Возвращаясь к выявлению претекстов «Фантастических путешествий...», отметим, что многократное упоминание о собственных «глупостях» и причудах («... я видел много глупостей и сам сделал их много.» [Сенковский 1989: 33]; «Я уже вижу, как в глазах ваших возжигается великолепный огонь радости при одном предложении уступить вам, для вашей забавы, богатый клад человеческих нелепостей; вижу, как вы бросаете <...> всё дорогое сердцу, чтоб расхватать поодиночке несообразности и причуды моей жизни, чтоб повеселиться, <...> роскошно покачать нервы глупостями моими <...>. Я тоже человек, тоже люблю глупости, особенно мои собственные и лично мною подобранные на свете» [Сенковский 1989: 34]) аллюзивно рассуждениям Глупости о собственной глупости у Эразма Роттердамского, которая, сопутствуя человечеству, предстаёт театральным его образом, равно как и Брамбеус становится карикатурным изображением современных ему писателей-мемуаристов и одновременно авторов путешествий. Соответственно, книга является пародийным жизнеописанием Брамбеуса: в противовес мемуаристам, стремящимся детально исследовать свою жизнь, собственное становление (личностное, писательское), Барон, выстраивая собственную биографию в виде проделанного путешествия вокруг земного шара, описывает произошедшее с ним как «прочувствованное» и пережитое человеком, так ничему и не научившимся. Он сам выступает под различными масками, ни одна из которых не соответствует его сути (картёжного мошенника, байронического героя, эмиссара русского правительства, египтолога, страстного любовника, скучающего издателя собственных сочинений), а является средством мимикрии под стереотипный образ «романтического» писа-
теля. Так, во время путешествия на корабле, он играет в «романтика», демонстрируя романтическое «отщепенство», гордое отречение от мира («Мы уже в открытом море. Вот прекрасный случай загнуть крючок человечеству и, придравшись к корабельной верёвке <.>, разругать добродетель, наплевать в лицо честности, доказать, что в мире нет ничего ни умного, ни священного, и прославиться черноморским гением Евгением Сю. Я стою на палубе, на пути к бессмертию; я должен воспользоваться моим положением и тут же на месте состряпать морской роман, начинив его бурями и шквалами.» [Сенковский 1989: 9]); он садится за игральный стол лишь по одной причине - все «великие поэты играют в карты <.>. Я пустился играть в карты, и играл шибко, чтоб произвести в душе, коснеющей в одном и том же чине и лишённой движения, хоть какое-нибудь потрясение» [Сенковский 1989: 40]; он радуется пребыванию в карантине только потому, что здесь он, обкусанный блохами, испытывает «сильное ощущение», «истинное адское, истинно поэтическое» [Сенковский 1989: 46]. Кстати, «подбор» масок осуществляется Брамбеусом и до описания самих путешествий, когда, скучая в дождливый осенний день, он размышляет, кем ему «заделаться» - супругом, цирковым смотрителем, судьёй, причём, представляя себя в роли последнего, Брамбеус непременно видит себя сидящим у «зерцала» [Сенковский 1989: 27]. Заметим, что зеркало как предмет, идентифицирующий личность смотрящегося в него Барона, появится не раз, отражая не столько подробности внешности или гардероба, сколько его «самолюбие» [Сенковский 1989: 55], следовательно, зеркало маркирует появление маски героя, связанное со сменой его идентичности.

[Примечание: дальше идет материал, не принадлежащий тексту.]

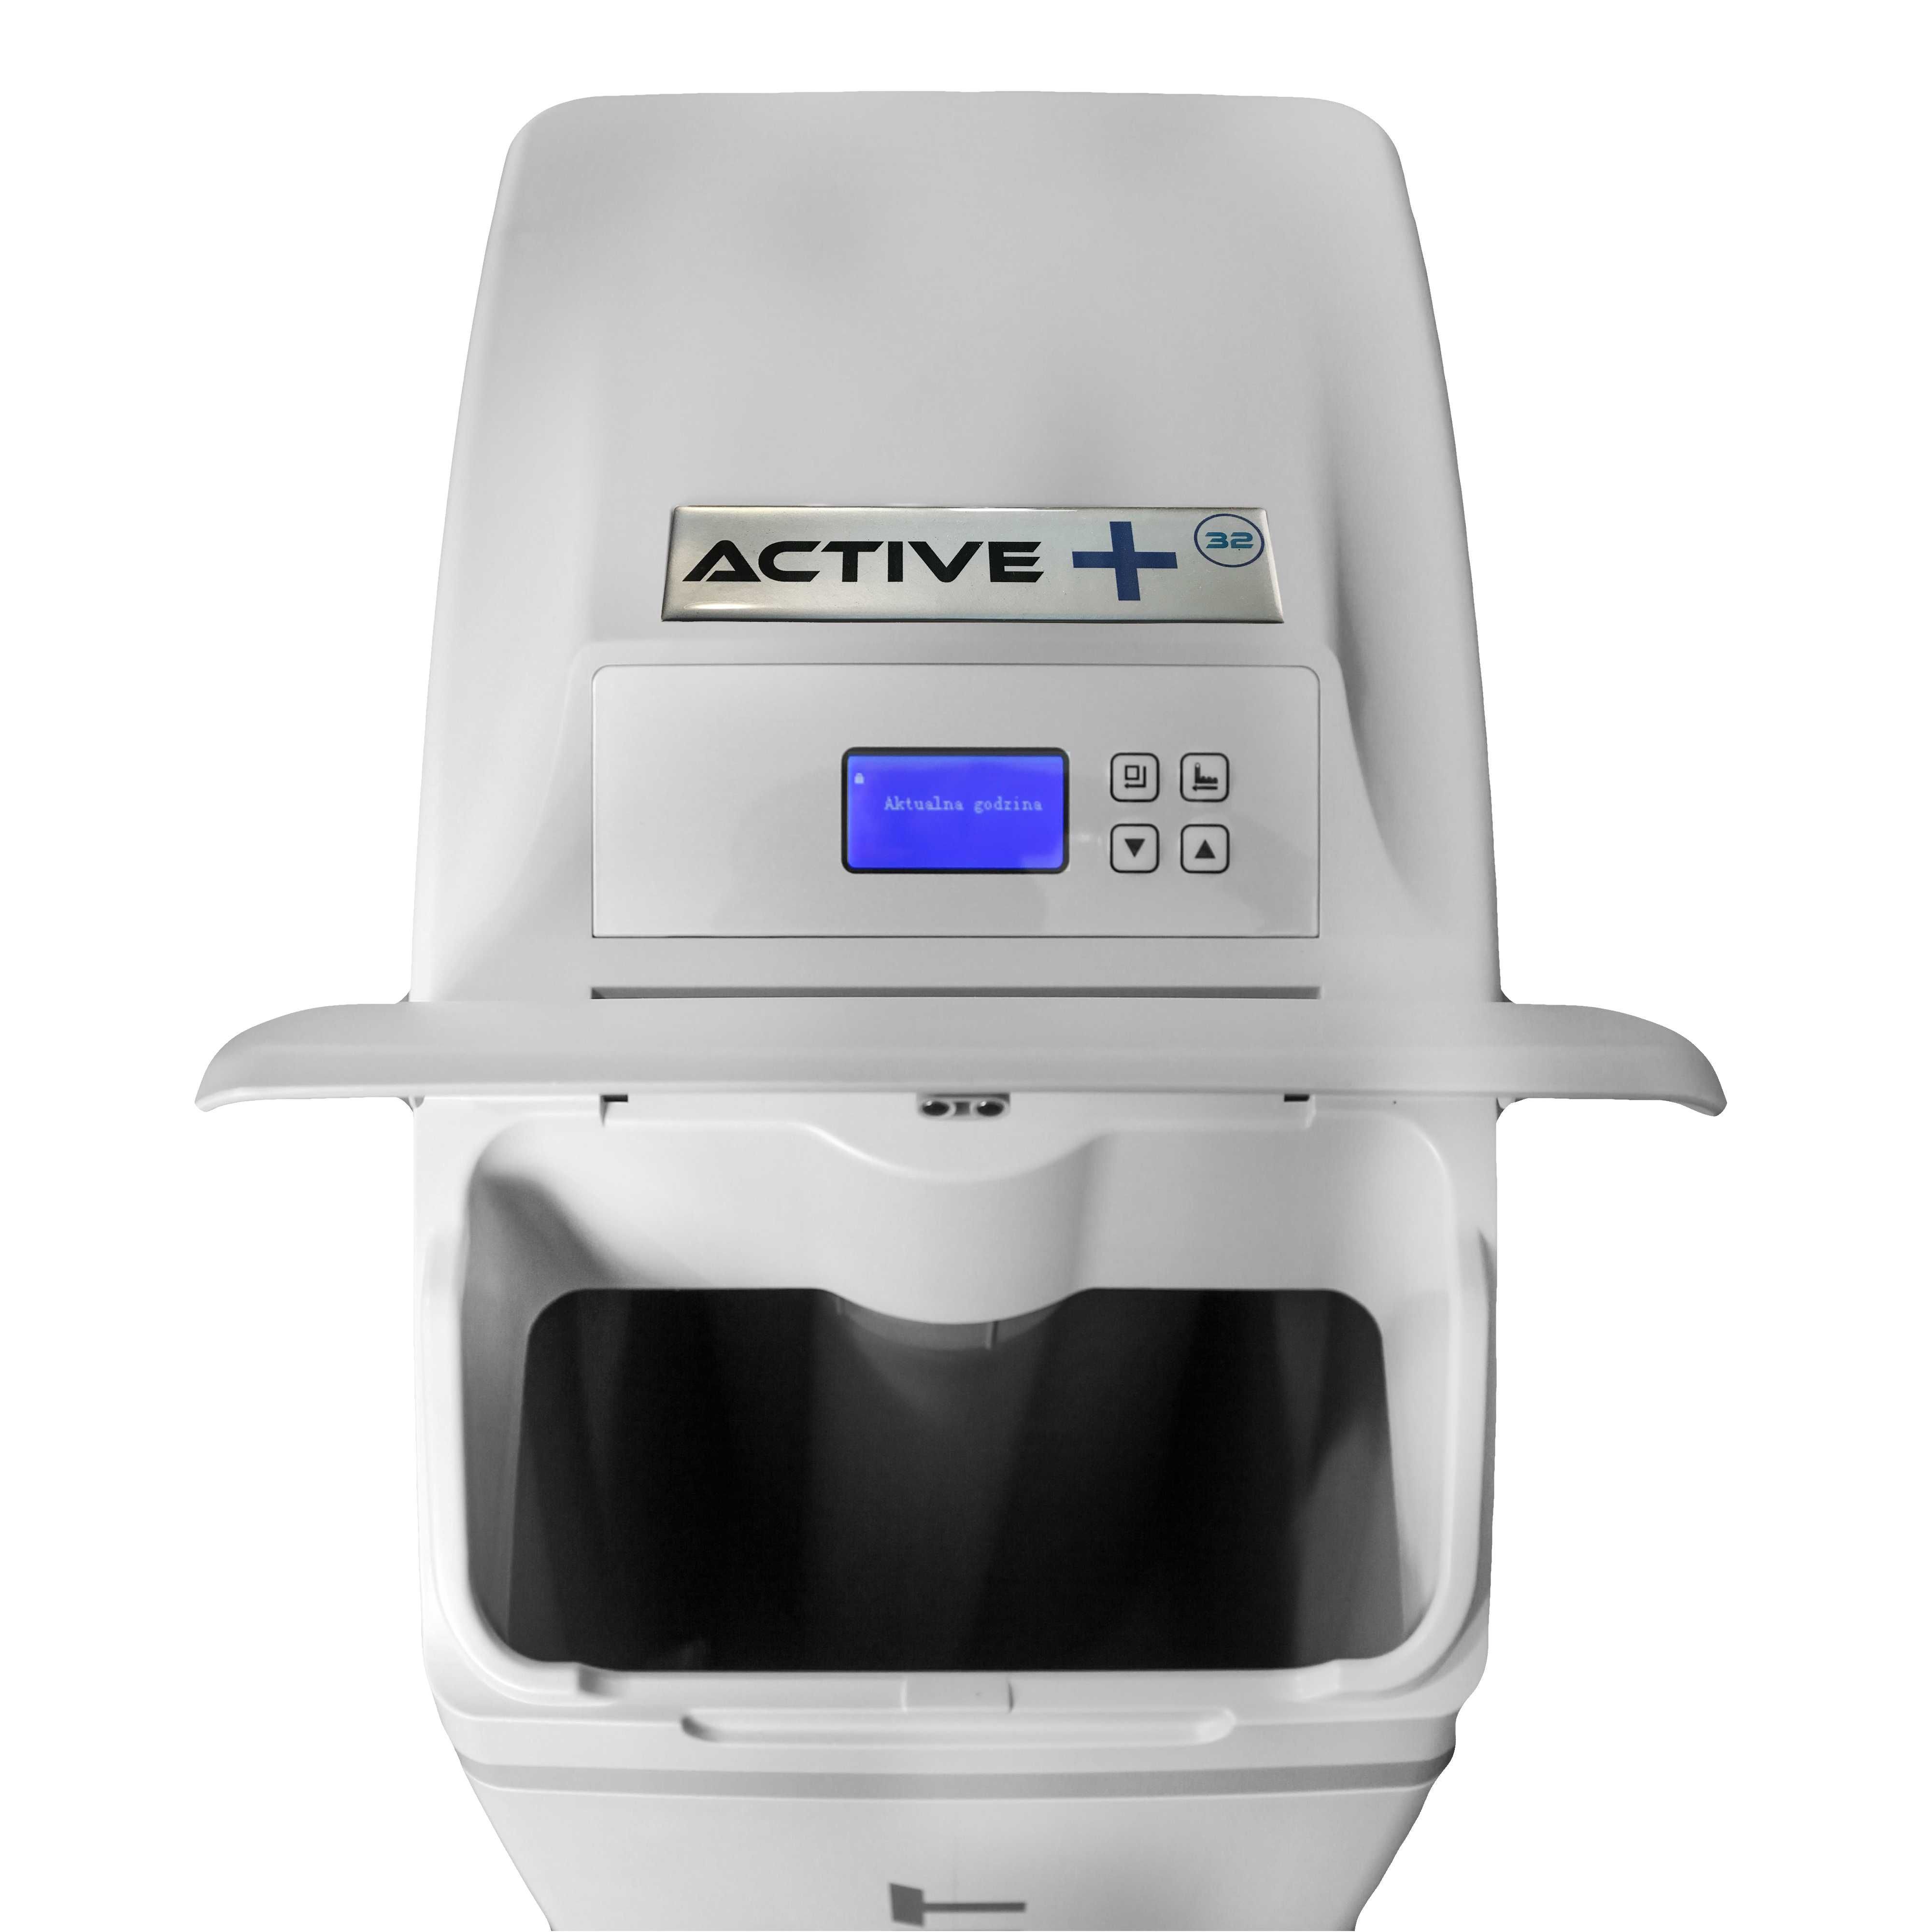 Uzdatniacz do wody Aquafit Active Plus 32 L duża rodzina.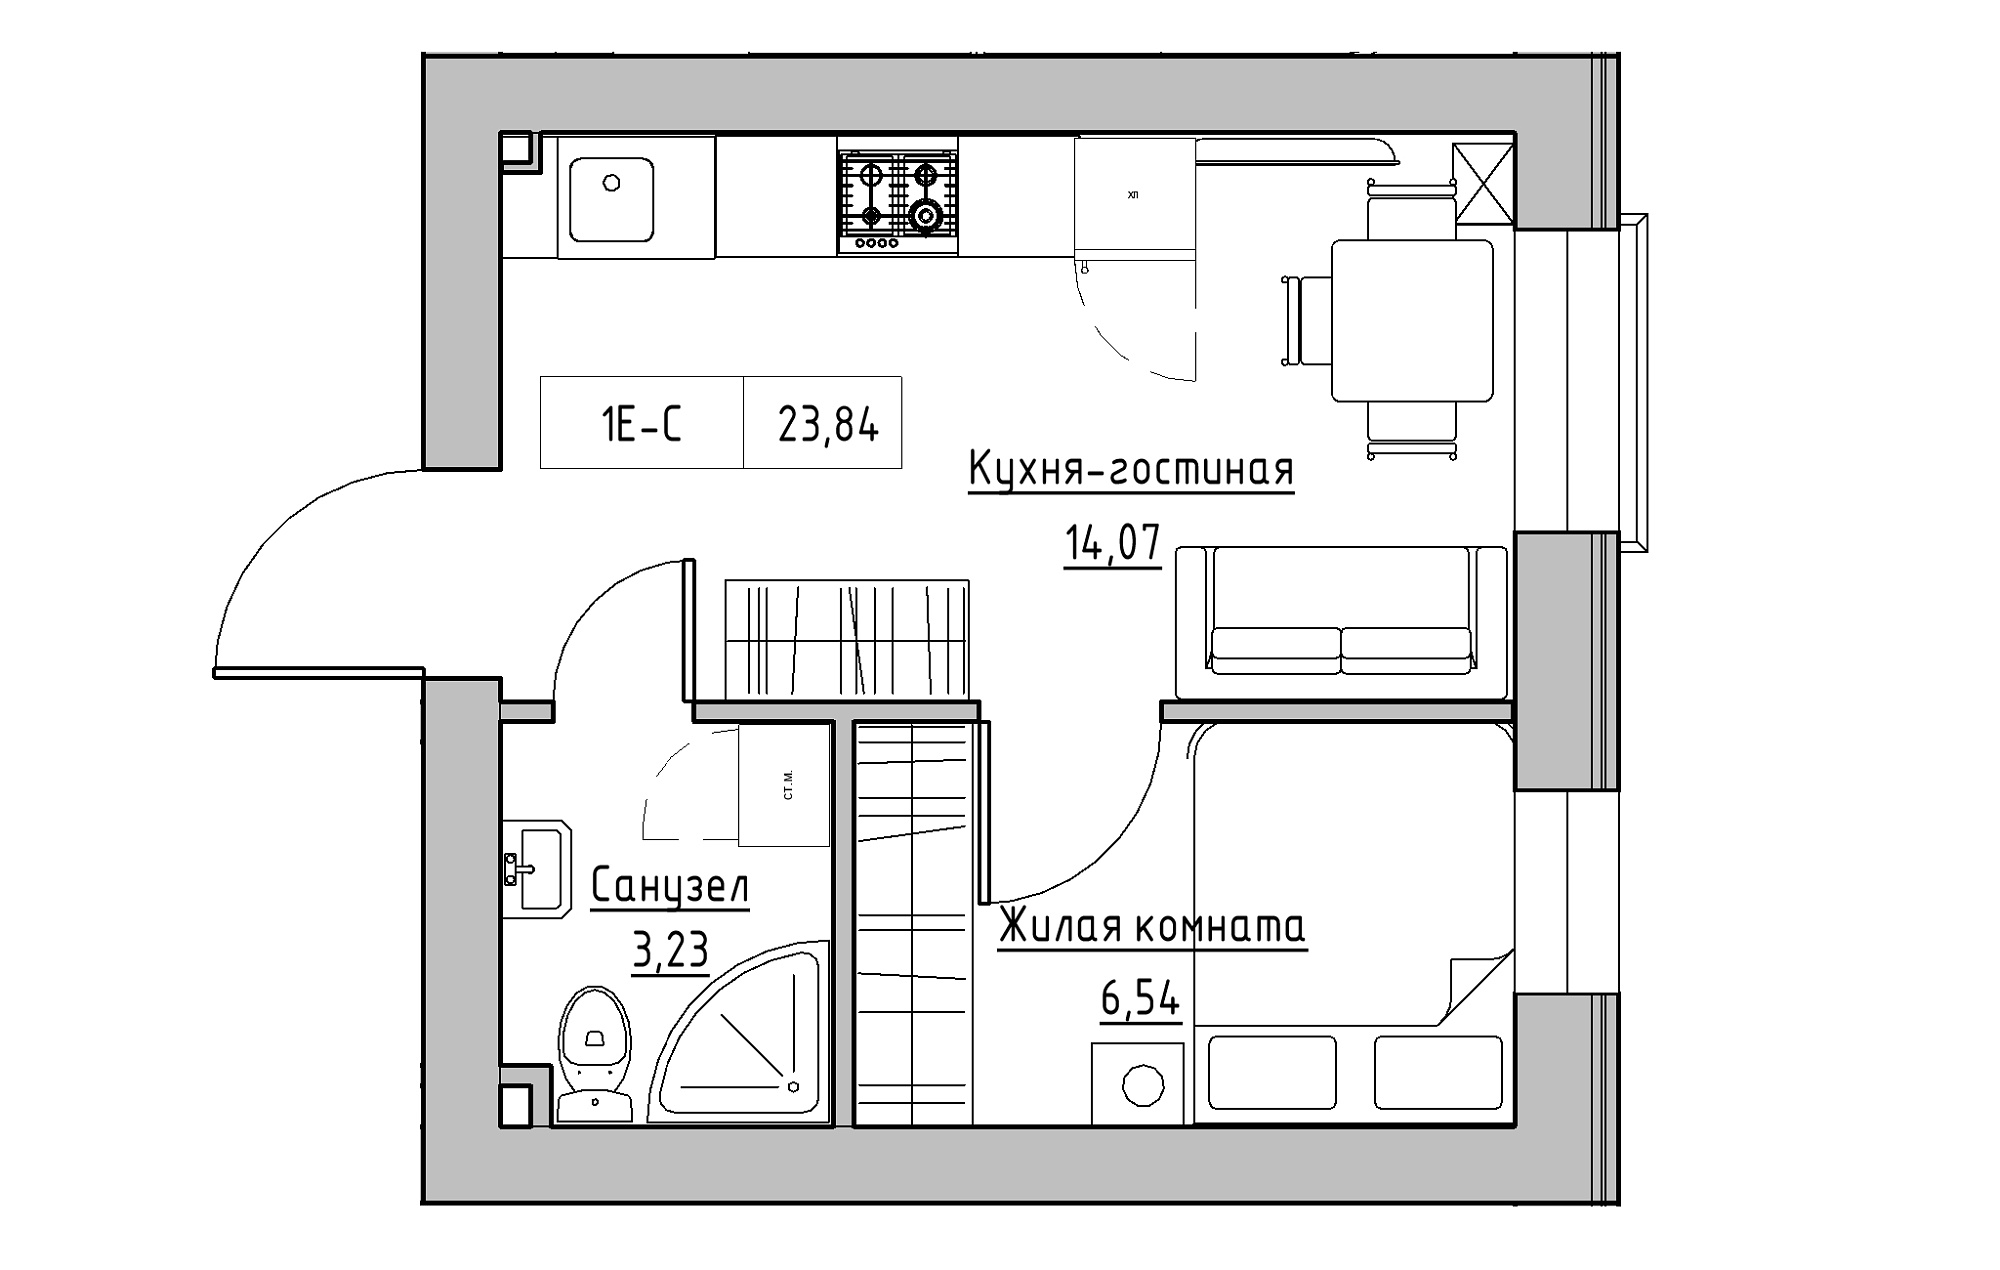 Планировка 1-к квартира площей 23.84м2, KS-018-02/0011.

Кроме того, композиционное членение «Фантастических путешествий.» также пародийно по отношению к известным отечественным и западным образцам травелогов, о чём свидетельствует уже название глав: «Поэтическое путешествие по белу свету», «Учёное путешествие на Медвежий остров», «Сентиментальное путешествие на гору Этну».
Равно как и повести А. С. Пушкина и В. Ф. Одоевского, каждое из «путешествий» Брамбеуса предваряется эпиграфом, иронически оттеняющим состояния и приключения фиктивного автора-повествователя, в них описанные. Так, эпиграф «Осенней скуки», приписываемый маркизу Лондондерри о его желании «перерезать себе горло» [Сенковский 1989: 25], предваряет рассуждения «скучающего» Брамбеуса о возможных вариантах своего дальнейшего существования; «Поэтическому путешествию» предпослан «поэтический» эпиграф из элегии Н. Языкова; «Учёное путешествие» сопровождено вымышленными репликами Кювье и Горация, причём слова Горация «Какой вздор!»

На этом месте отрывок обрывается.